Author : Lawrence J Epstein
Publisher : John Wiley & Sons
Page : 321 pages
File Size : 41,10 MB
Release : 2007-08-17
Category : History
ISBN : 0787986224
"A Lower East Side Tenement Museum book."
Author : Hyman Berman
Publisher : Minnesota Historical Society Press
Page : 135 pages
File Size : 38,87 MB
Release : 2009-07-24
Category : Biography & Autobiography
ISBN : 0873517385
Although never more than a small percentage of the Minnesota's population, Jews have made a remarkable contribution to the state in business, politics, and education.
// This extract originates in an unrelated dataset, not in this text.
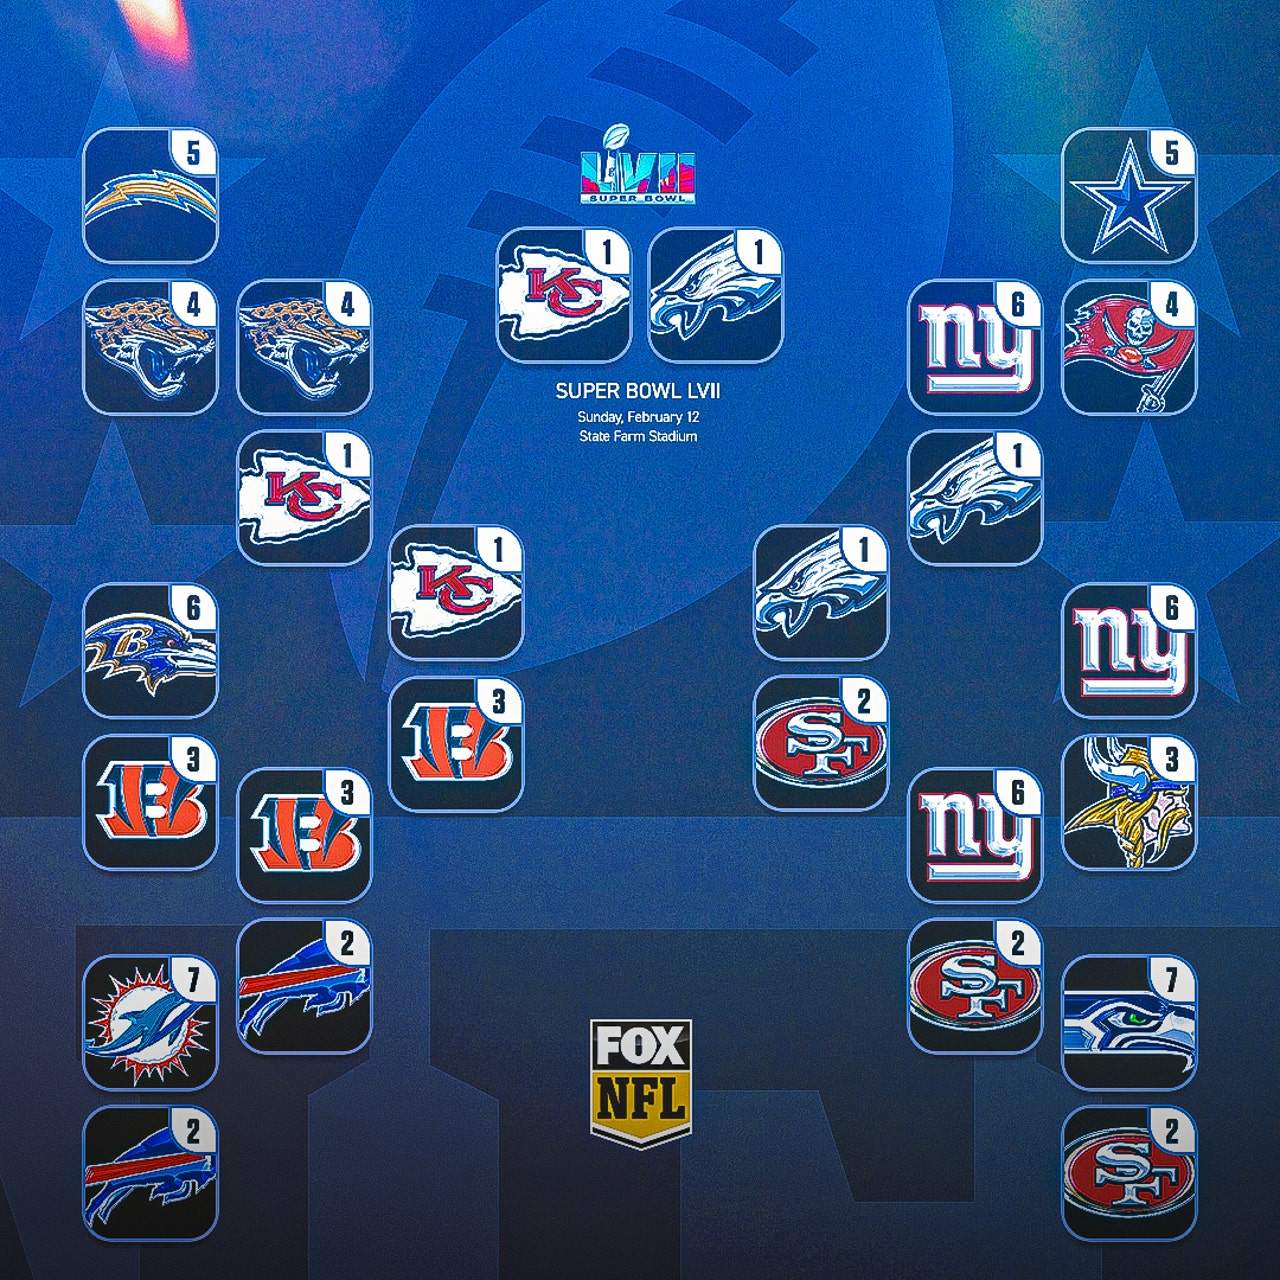 divisional round predictions 2023

Author : Gary Phillip Zola
Publisher : Brandeis University Press
Page : 475 pages
File Size : 34,62 MB
Release : 2014-11-04
Category : Social Science
ISBN : 1611685109
Presenting the American Jewish historical experience from its communal beginnings to the present through documents, photographs, and other illustrations, many of which have never before been published, this entirely new collection of source materials complements existing textbooks on American Jewish history with an organization and pedagogy that reflect the latest historiographical trends and the most creative teaching approaches. Ten chapters, organized chronologically, include source materials that highlight the major thematic questions of each era and tell many stories about what it was like to immigrate and acculturate to American life, practice different forms of Judaism, engage with the larger political, economic, and social cultures that surrounded American Jews, and offer assistance to Jews in need around the world. At the beginning of each chapter, the editors provide a brief historical overview highlighting some of the most important developments in both American and American Jewish history during that particular era. Source materials in the collection are preceded by short headnotes that orient readers to the documentsÕ historical context and significance.
Author : Pamela Susan Nadell
Publisher : UPNE
Page : 348 pages
File Size : 14,24 MB
Release : 2001
Category : History
ISBN : 9781584651246
New portrayals of the religious lives of American Jewish women from colonial times to the present.